Competition Double Standard
The recent vote for net neutrality in the House Judiciary Committee was driven more by jurisdictional jealousy and turf protection than policy substance. In a frantic rush to catch up with the Commerce Committee bill, Judiciary did not conduct a substantive review of the facts or the policy repercussions of potentially reversing Congress decade-long pro-competition telecommunications policy. Net neutrality proponents played on the Committee's nostalgia of the glory days when Judiciary was in the telecom policy drivers seat in overseeing Judge Greene and the breakup of the former AT&T. When the only tool you have under your jurisdiction is a hammer -- all you see is nails. A recent letter I wrote to the Senate Commerce Committee on net neutrality is very relevant to the Judiciary vote. It highlights how one-sided and myopic the debate has become in examining the true economic interests driving net neutrality. Many think the broadband carriers are the only one with a dog in this fight. Not so. Microsoft, Google, Yahoo, eBay, Amazon and other ecommerce interests are bankrolling a gargantuan lobbying and PR effort to try and get net neutrality legislation passed. My letter exposes some of the real economic and anti-competition interests driving net neutrality. First, if one looks at this issue objectively, it is clear that the net neutrality stance of the ecommerce giants is not principled at all; it is classic self-serving legislation that would impose a convenient double standard. It would leave ecommerce giants free to converge, integrate and compete into communications, but would conveniently ban competitive entry by broadband players into ecommerce. How is that neutral? That is rigging the game to protect multi-billion markets from new competition that could greatly benefit consumers with savings, convenience and productivity.

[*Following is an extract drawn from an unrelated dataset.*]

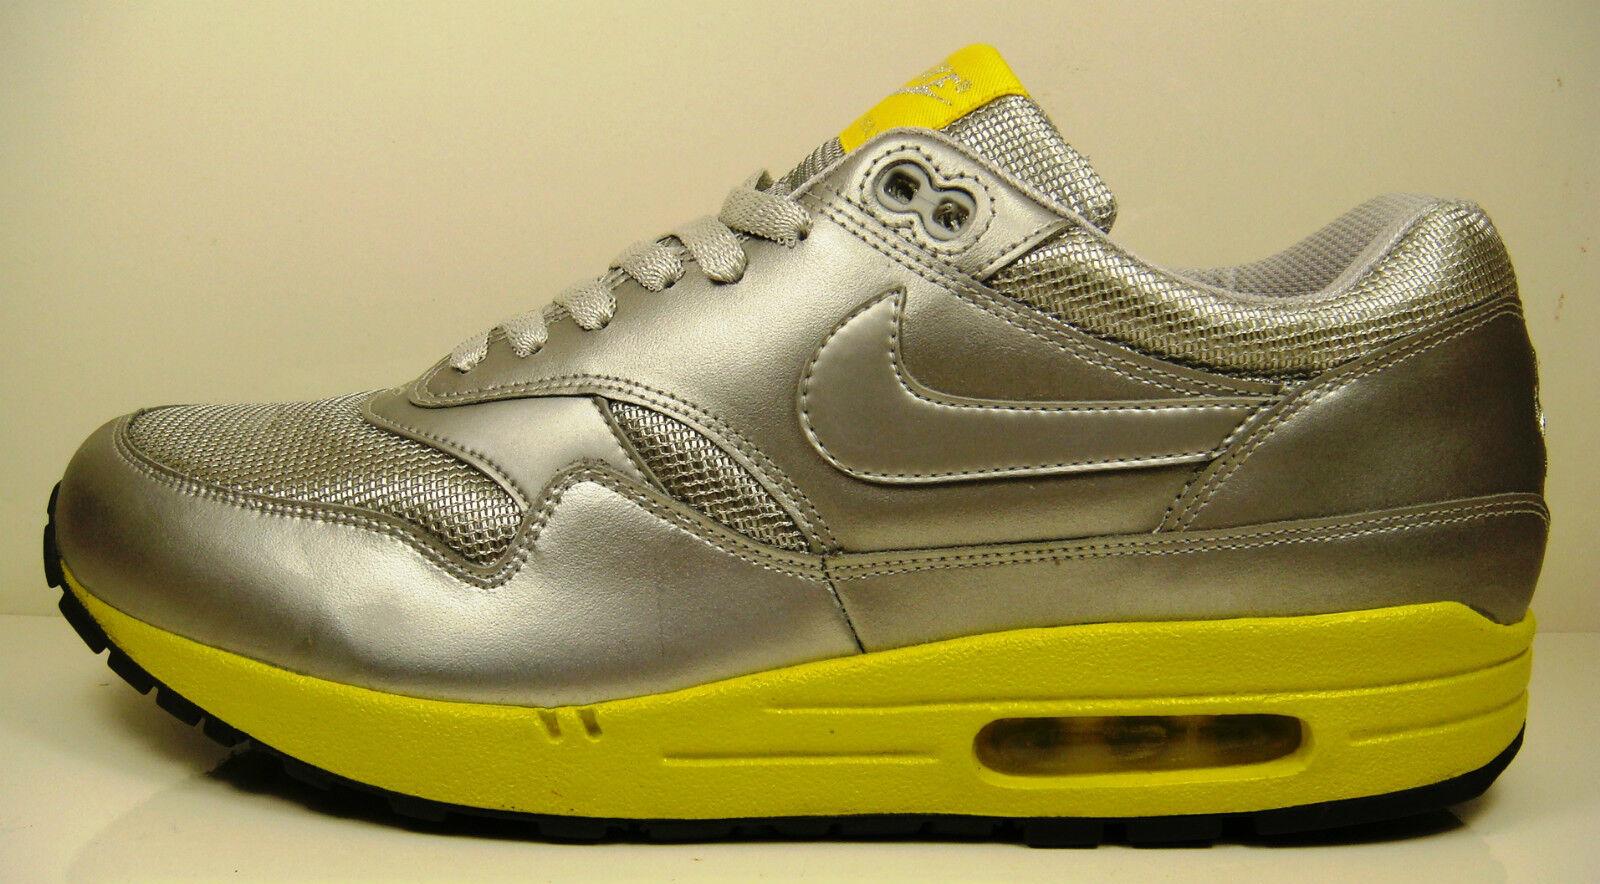 Nike Air Max 1 Premium 10 309717-002 11 Rare 2007 CMYK 309717-002 10 Atmos B OG 90 TZ QS DS 3bf8bb

- Would Microsoft, Google, Yahoo, eBay and Amazon be willing to apply the "principle" of net neutrality to themselves? Not a chance, because it would crush some of their most promising growth opportunities going forward.
Second, strip away the populist rhetoric and net neutrality looks like classic corporate welfare for Microsoft, Google, Yahoo, and eBay, who by the way, already enjoy market-leading 80-90% gross profit margins. These e-commerce giants, who use and benefit from the Internet more than anyone, want the government to legislate that they pay the least for it.